The fifth “not there” is found in Revelation 21:23: “And the city has no neeed for the usn or of the moon to shine upon it.” Now I need to be clear abou this. John does not say that the city has no sun or moon. Rather, the city has no need for the light of the sun or moon. Given that the city is the temple and that God dwells everywhere in the city, there is no need for the light of the stellar bodies. The whole place is filled with light. Just thinking about this, I feel like breaking out into the song “Shine, Jesus Shine” by Graham Kendrick.
Six. There are no closed gates. The city is not a jail. “its gates shall not be closed”.john says the gates are the twelve tribes of Israel. No closed borders like are present in Israel today or in the dividing lines in some countries hoping to keep out terrorists intent on death and destruction. What’s happened when there will be no foreigners. Israel has fully fulfilled her reason for being. That is what has happened. God called Abraham and Sarah, the father and mother Israel, to be a blessing to all the nations, a blessing to all the ethnic groupings of the world. God called Israel into existence for the sake of the nations. Israel was to exist for the sake of Gentiles. By the time Jesus entered the gates of the old Jerusalem, on Palm Sunday, Israel’s only concern was Israel. Therefore, Israel was no longer being Israel. Being Israel means giving one’s life away for the Gentiles. Tru Israel exists to bless the people of the Muslim world, Africa, North America, Asia, all the peoples on earth. No closed gates. The new city, the new Jerusalem has no closed gates.

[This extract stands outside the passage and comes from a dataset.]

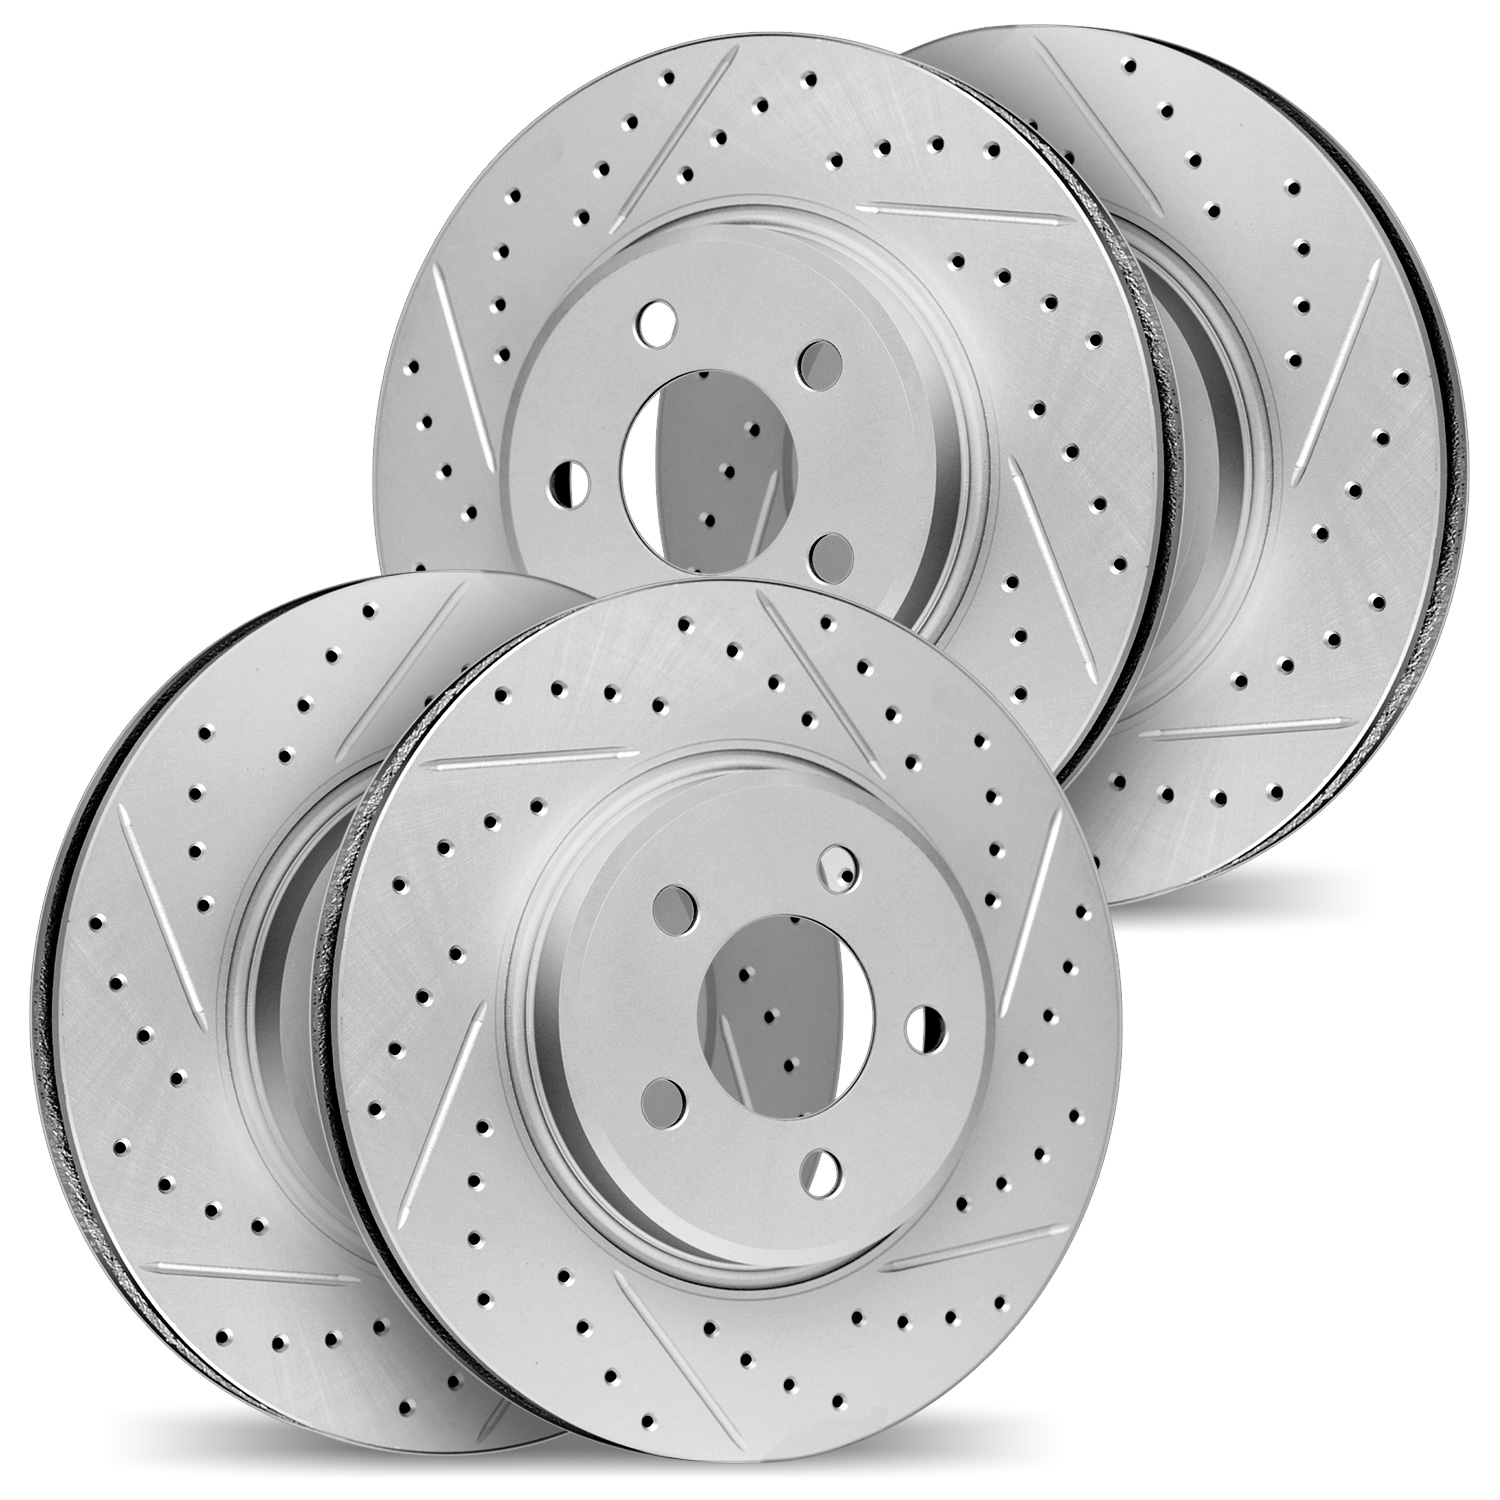 2004-11003 Geoperformance Drilled/Slotted Brake Rotors, 2014-2017 Land Rover, Position: Front and Rear

Seventh. “And there shall no longer be any curse.” After Adam and Eve disobeyed God’s one command, not to try to aspire to the knowledge that makes one independent from God, Eden came under a curse. The third chapter of Genesis says even the ground was cursed. It no longer yielded its fruit without toil and sweat. Relationships were cursed. Women suffered through childbirth. In the new city “there shall no longer be any curse.” In the new city, the blessings have so overrun reality that there is no trace of the curse. Creation has been set free from slavery to futility and frustration. In the end it is all about mercy. And where is the only way you and I can find mercy today, living in chaos. It’s by meeting the Lamb, whose blood was shed on a Roman cross to free us from the impact of the curse. It’s meeting Jesus and having him shine on us and through our lives to a very dark and needy chaotic world.